SEOUL, Aug. 9 (Korea Bizwire) — Jihae Jenna Lee, a former portfolio manager at Boston-based hedge fund Acadian Asset Management, last year extended her “funeral date” by another five years.
Her robo-advisor asset management company, AIM (Automated Investment Management) Inc., founded in 2016, had grown significantly in the fourth year of operation, with the volume of combined assets under management (AUM) jumping three times within months.
“Seeing the rise in numbers, I felt like I finally found a market for our product,” Lee, CEO and founder of the company, said during a recent interview with Yonhap News Agency.
“I thought, I shouldn’t stop here,” she said.
By funeral date, she referred to a self-imposed deadline in seeking a meaningful level of business success and not pursuing a goal indefinitely, she said.
“I had initially decided to give it a try for five years regardless of the outcome,” Lee said. “But with the business expanding exponentially, I had to extend the contract with myself.”
AIM is a wealth management startup that provides advice tailored to individual investors based on an artificial intelligence-powered algorithm.
It now has approximately 700,000 users, or “AIMers,” as Lee affectionately called them, with cumulative assets of 998.4 billion won (US$764 million) as of last Friday.
The company finally turned a profit last year based on robust business with clients, she said, adding expanding business without big investments made the company stronger and more resilient.
AIM raised only around 3.6 billion won in its series A funding round at its initial business stage, due largely to “uncertainties in the country’s fintech industry.”
“Money gets to flow into really reliable and strong companies at a time when there is lack of market liquidity,” she said.
Moving to the United States as a teenager, she did a bachelor’s degree in engineering at The Cooper Union.
Her life in the U.S. got off to a rocky start, with her family going almost bankrupt because of what she said was ill-fated financial advice.
The sudden evaporation of her family’s wealth and ensuing economic hardships brought home the importance of making financially right choices and of having reliable professional help on managing and protecting personal wealth, she said.

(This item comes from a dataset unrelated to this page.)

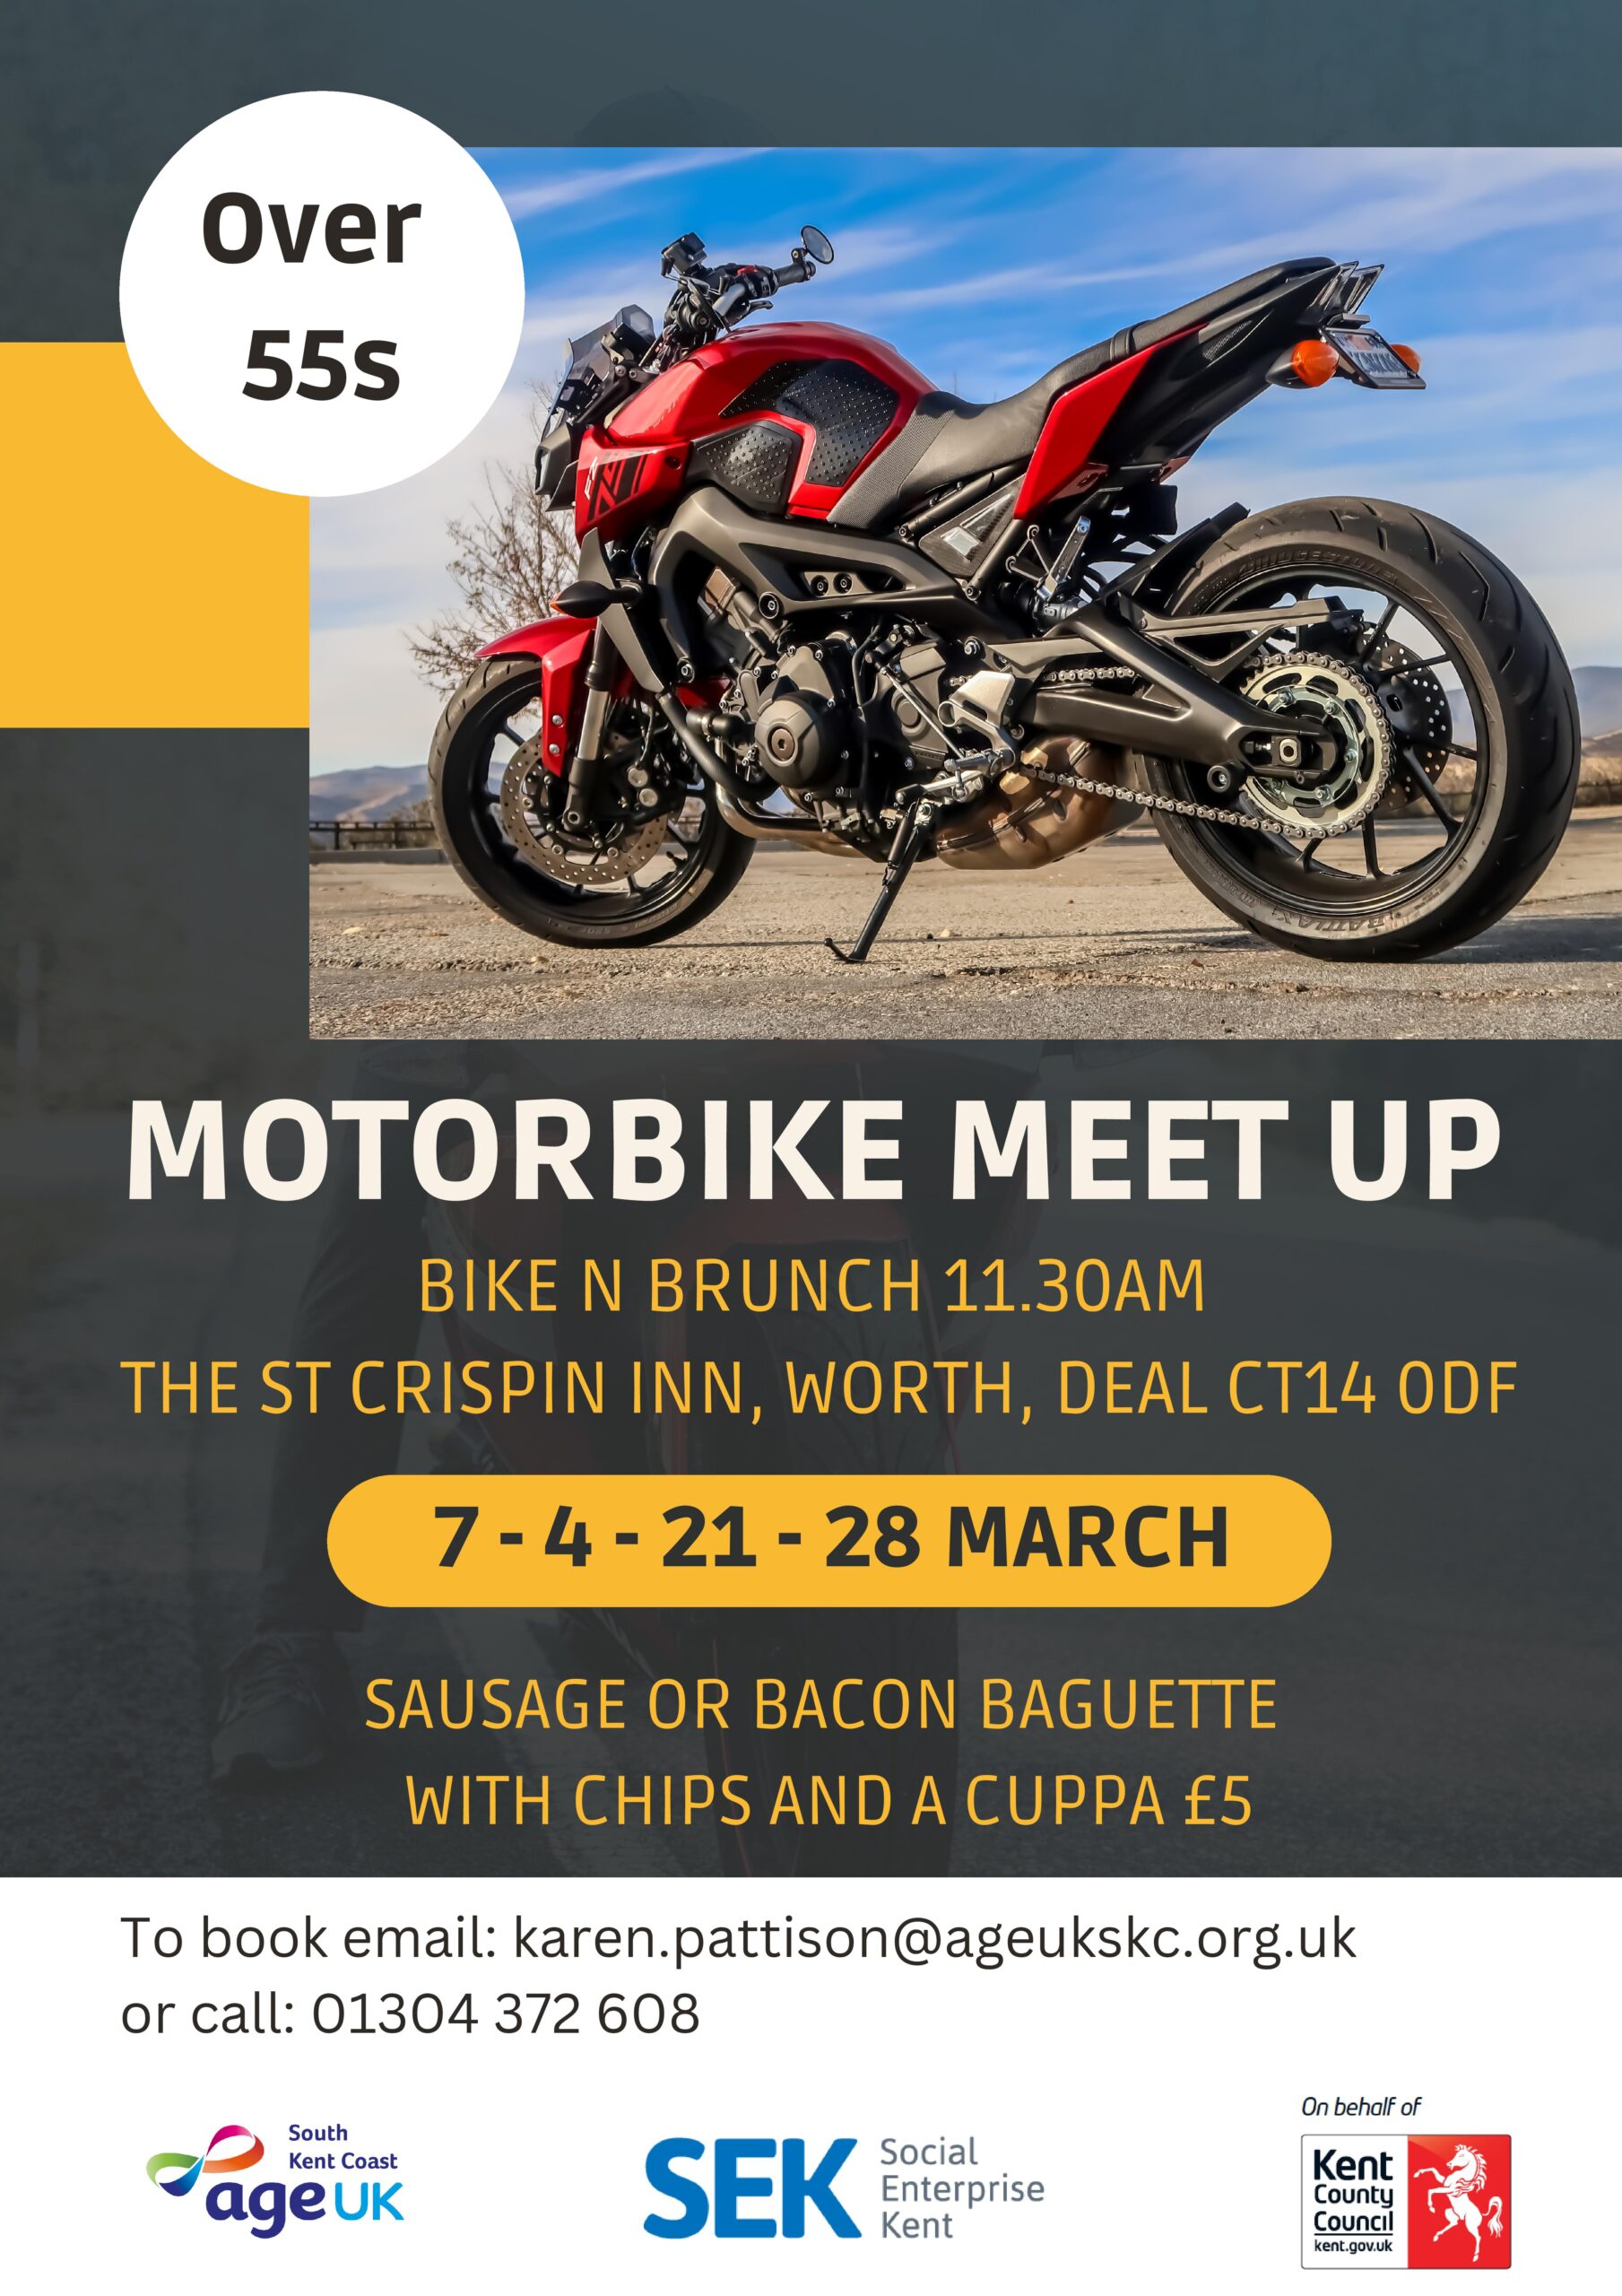 Motorbike meet up poster, explaining where, Deal Kent, every Tuesday in March 11:30am

After graduating, she worked at Citigroup Asset Management as a quantitative analyst from 2004-06, applying mathematical and statistical methods to help companies make business and financial decisions. Then she moved to Acadian and worked there until Feb. 2011.
Aspiring to have a deeper knowledge of economics, she also studied econometrics at Harvard.
AIM’s primary goal in asset management, Lee said, is to put greater value on long-term investment and reduce risk at a loss of below 10 percent, especially during financially volatile times such as those of late, by building a diverse portfolio.
The company has approximately 12,700 different investment destinations in 77 countries, according to Lee, selected based on analyses of exchange-traded funds listed in the U.S. stock market.
AIM charges a 1 percent annual service fee of invested assets, or at a minimum of 50,000 won.
Lee said she sought to bring her years of expertise in managing wealth for institutional investors to South Korean retail investors, adding financial income, not working income, is essential in resolving problems stemming from the widening level of wealth inequality.
“I have four more years to go before the next deadline in 2026. Until then, I will give my all to reach the goal,” she said.